Dealing with Depression-Era American Midwest, the film is a journey through sadness and joy. In a scene, the young protagonist (Jesse Bradford) cuts a page of newspaper with the image of a steak on it, with a knife, to combat against hunger. Moments such as these are sad, yet humanly comic.
The colorful landscape of St. Louis Missouri is captured with a touch of yearning. The mood of the film feels both distant and intimate at the same time: distant in time period but close in its theme of struggle with poverty.
Do not confuse the movie with the King of the Hill TV show. Soderbergh’s film is a deeply felt portrait of time passed. Without the director’s usual technical showmanship (such as in Out of Sight (1998)), this motion picture goes straight through to the audience’s emotions.
6. Le Cri du Coeur (1994)
This coming-of-age drama is very little known.
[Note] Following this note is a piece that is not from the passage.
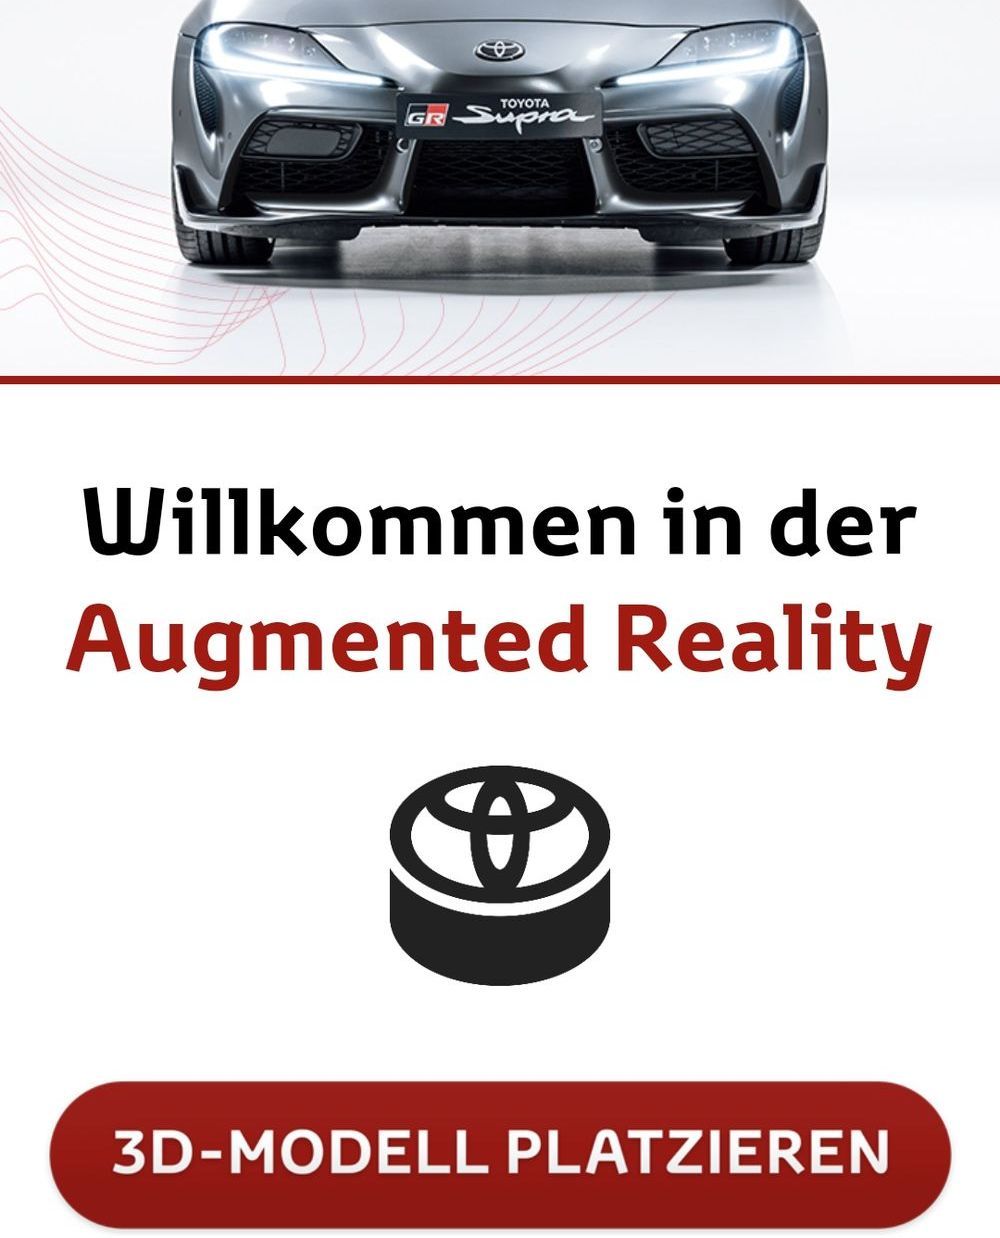 Augmented Reality mit dem Toyota GR Supra

As of the time of writing, there are only 49 votes for the film on IMDb. It follows a boy’s (Saïd Diarra) struggle to fit into Parisian life, while longing for his childhood in Mali, Africa.
The title can be translated as The Heart’s Cry, showing the emotionally sensitive nature of the movie. Racism and the ideas of inclusion and exclusion are the central themes. At times, this work recalls classic coming-of-age stories such as Herman Hesse’s Demian and Thomas Mann’s Tonio Kröger.
Nominated for the Golden Lion at the Venice Film Festival, now the film seems all but forgotten. Under its straightforward plot, Le Cri du Coeur is truly about universal human experience—the confrontation of strangeness, the anxiety of being in a foreign place, the fear when entering a new phase in one’s life.
The viewing experience is almost transcendent because the audience can easily relate to those early sorrows and sweet yearnings to belong, eloquently expressed in this great movie.